This podcast analyzes the cutting-edge understandings of deterrence with empirical evidence of Chinese strategic thinking and culture to build such a strategy and explores the counter-arguments from Part 1 of this series.
Read the original article: https://press.armywarcollege.edu/parameters/vol51/iss4/4/
Keywords: China, Taiwan, CCP, PRC, Broken Nest, USA
Episode Transcript:
Stephanie Crider Host
(Prerecorded Conversations on Strategy intro) Decisive Point introduces Conversations on Strategy, a US Army War College Press production featuring distinguished authors and contributors who explore timely issues in national security affairs. The views and opinions expressed on this podcast are those of the podcast’s guest and are not necessarily those of the Department of the Army, the US Army War College, or any other agency of the US government.
Cliff
Conversations on Strategy welcomes Dr. Roger Cliff. Dr. Cliff is a research professor of Indo-Pacific Affairs in the Strategic Studies Institute at the US Army War College. His research focuses on China’s military strategy and capabilities and their implications for US strategy and policy. He’s previously worked for the Center for Naval Analyses, the Atlantic Council, the Project 2049 Institute, the RAND Corporation, and the Office of the Secretary of Defense.
Host
The Parameters 2021-22 Winter Issue included an article titled, “Broken Nest: Deterring China from Invading Taiwan.” Authors Dr. Jared M. McKinney and Dr. Peter Harris laid out an unconventional approach to the China-Taiwan conundrum. Shortly after the article was published, Parameters heard from Eric Chan, who disagreed with them on many fronts.
We’ve invited you here today, Roger, to provide some additional insight on the topic. Let’s jump right in and talk about “Broken Nest: Deterring China from Invading Taiwan. What is the essence of Jared McKinney and Peter Harris’s article “Broken Nest: Deterring China from Invading Taiwan?”
Cliff
So this article is an attempt to find an innovative solution to the Taiwan problem that has bedeviled the United States since 1950. In this particular case, the author’s goal is not to find a long-term, permanent solution of the problem, but simply to find a way to deter China from using force against Taiwan in the near term. Specifically, a way that doesn’t entail risking a military conflict between two nuclear-armed superpowers. Their proposed solution is a strategy of deterrence by punishment, whereby even a successful conquest of Taiwan would result in unacceptable economic, political, and strategic costs for Beijing.
The premise of the article is that China’s military is now capable enough that it could conquer Taiwan, even if the United States intervened in Taiwan’s defense. The result, they argue, is that the long-standing US deterrence-by-denial strategy for deterring a Chinese use of force against Taiwan—in other words, by threating Beijing with the risk that a use of force against Taiwan would fail—is no longer credible. Unlike most strategies of deterrence by punishment, the strategy that McKinney and Harris proposed does not primarily rely on military attacks on China. Instead, the punishment comes in the form of imposing other costs on China for a successful use of force against Taiwan.

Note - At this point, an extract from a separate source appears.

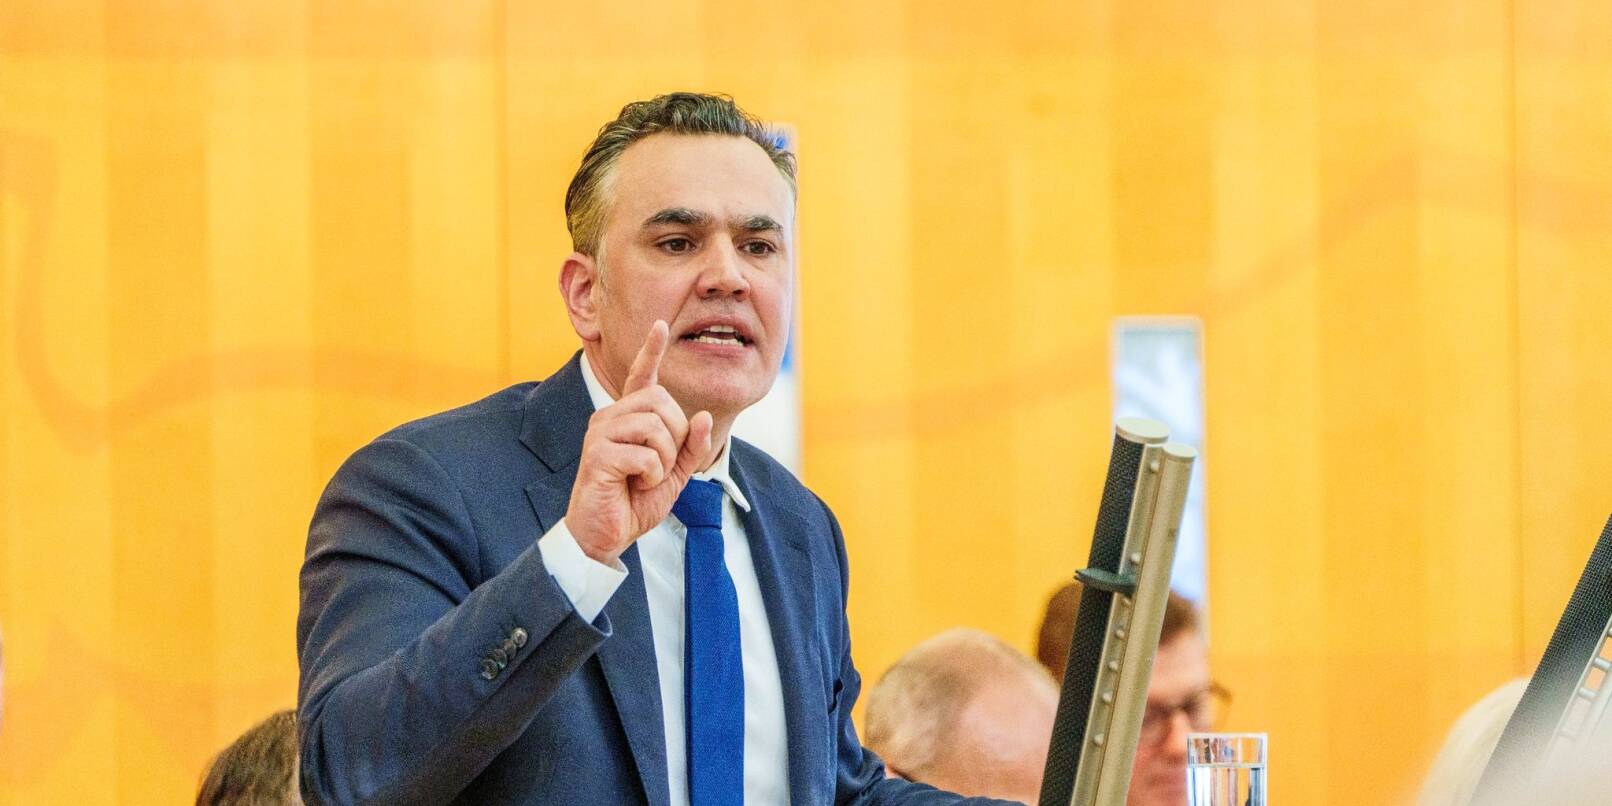 Stefan Naas (FDP), Fraktionsvorsitzender seiner Partei im Hessischen Landtag, spricht zu den Abgeordneten.

This has several elements. One is the United States selling to Taiwan weapon systems that will be most cost-effective and defending against a Chinese invasion. This would make a successful invasion of Taiwan more difficult and, therefore, more costly for China.
Related to this, they also recommend that Taiwan’s leaders prepare the island to fight a protracted insurgency, even after Taiwan’s conventional military forces have been defeated. The most important element of their strategy, however, consists of the United States and Taiwan laying plans for what they call “a targeted, scorched-earth strategy” that would render Taiwan not just unattractive, if ever seized by force, but positively costly to maintain.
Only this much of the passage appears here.